## WHAT YOU HAVE TO DO
Transcribe the listing in full, word for word; pictures do not belong in the copy.

## DATASET SECTION
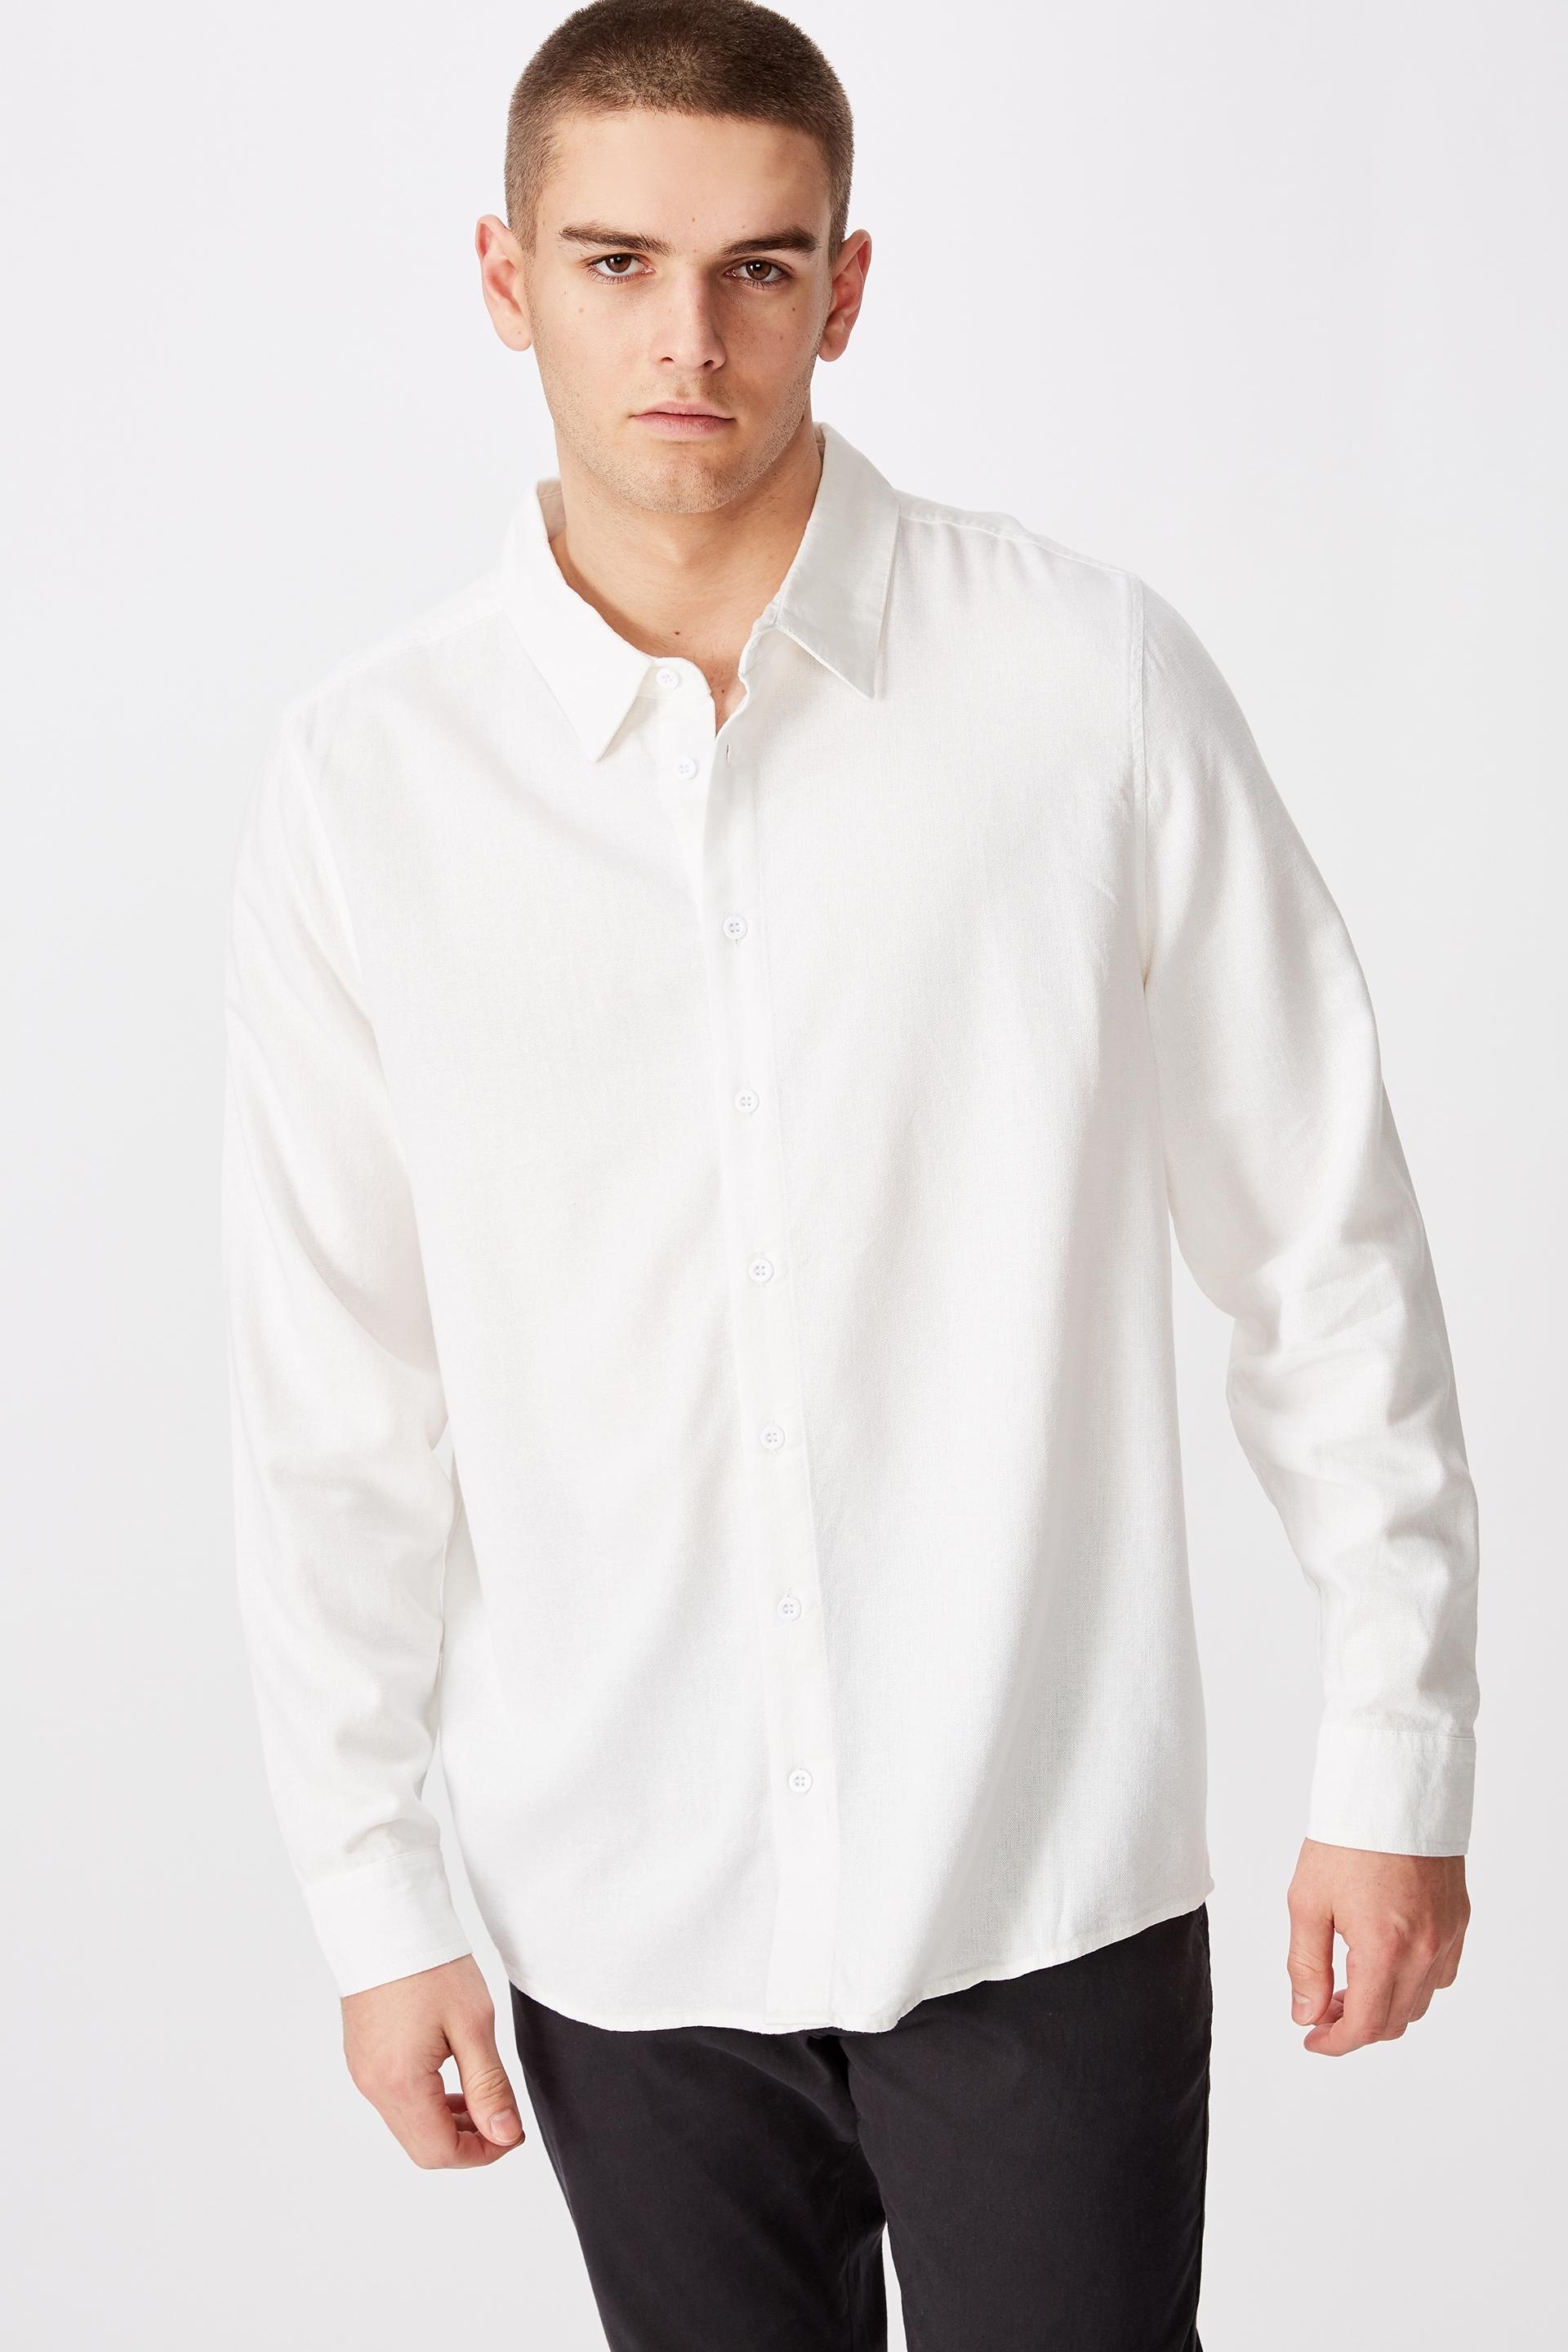 Long sleeve linen blend shirt-white Factorie Shirts | Superbalist.com
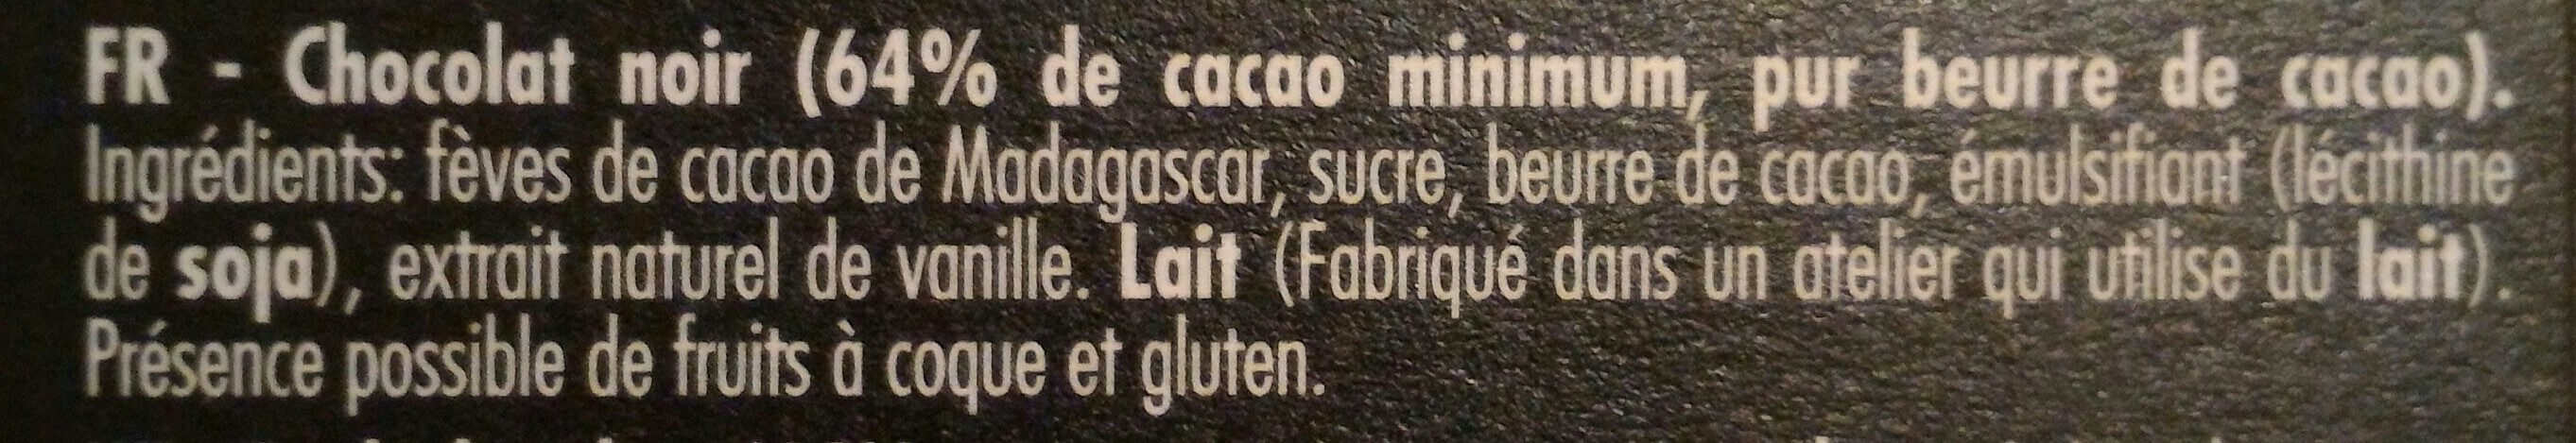 Noir Manjari 64% cacao - Ingredienser - fr
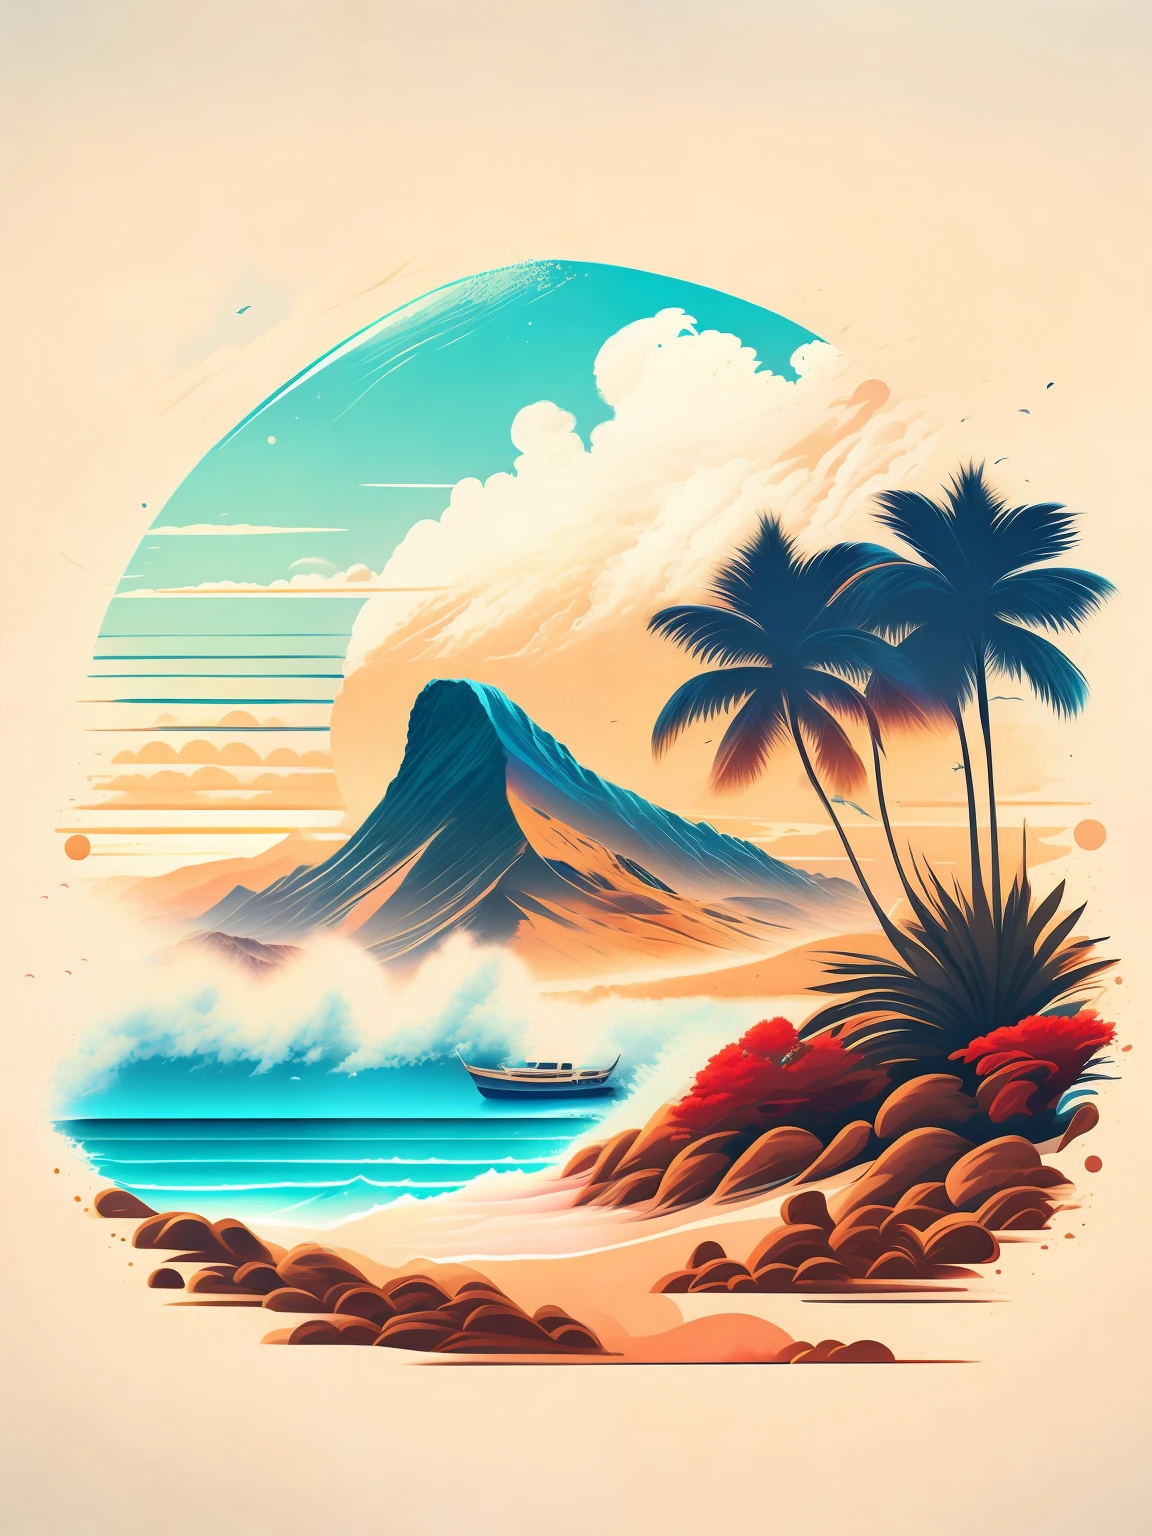 Ein Strand in einer Sommerlandschaft, T-Shirt-Design, mitten auf der Reise, Vektorgrafiken, Surfmode
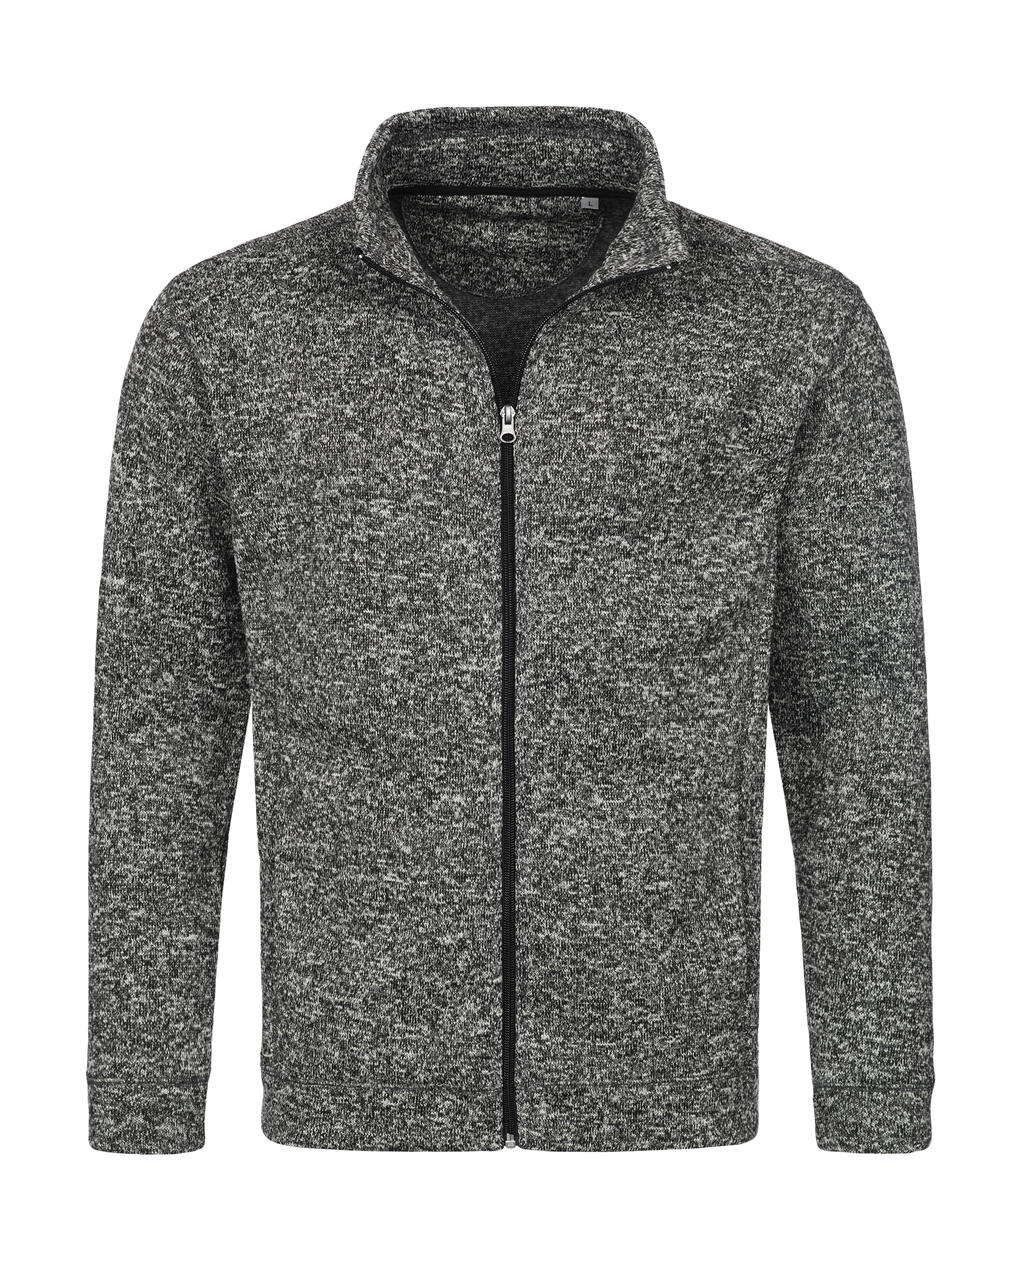  Knit Fleece Jacket in Farbe Dark Grey Melange

## RESPONSE TO THIS EXERCISE
 Long sleeve linen blend shirt-white Factorie Shirts | Superbalist.com
 Noir Manjari 64% cacao - Ingredienser - fr
 Ein Strand in einer Sommerlandschaft, T-Shirt-Design, mitten auf der Reise, Vektorgrafiken, Surfmode
  Knit Fleece Jacket in Farbe Dark Grey Melange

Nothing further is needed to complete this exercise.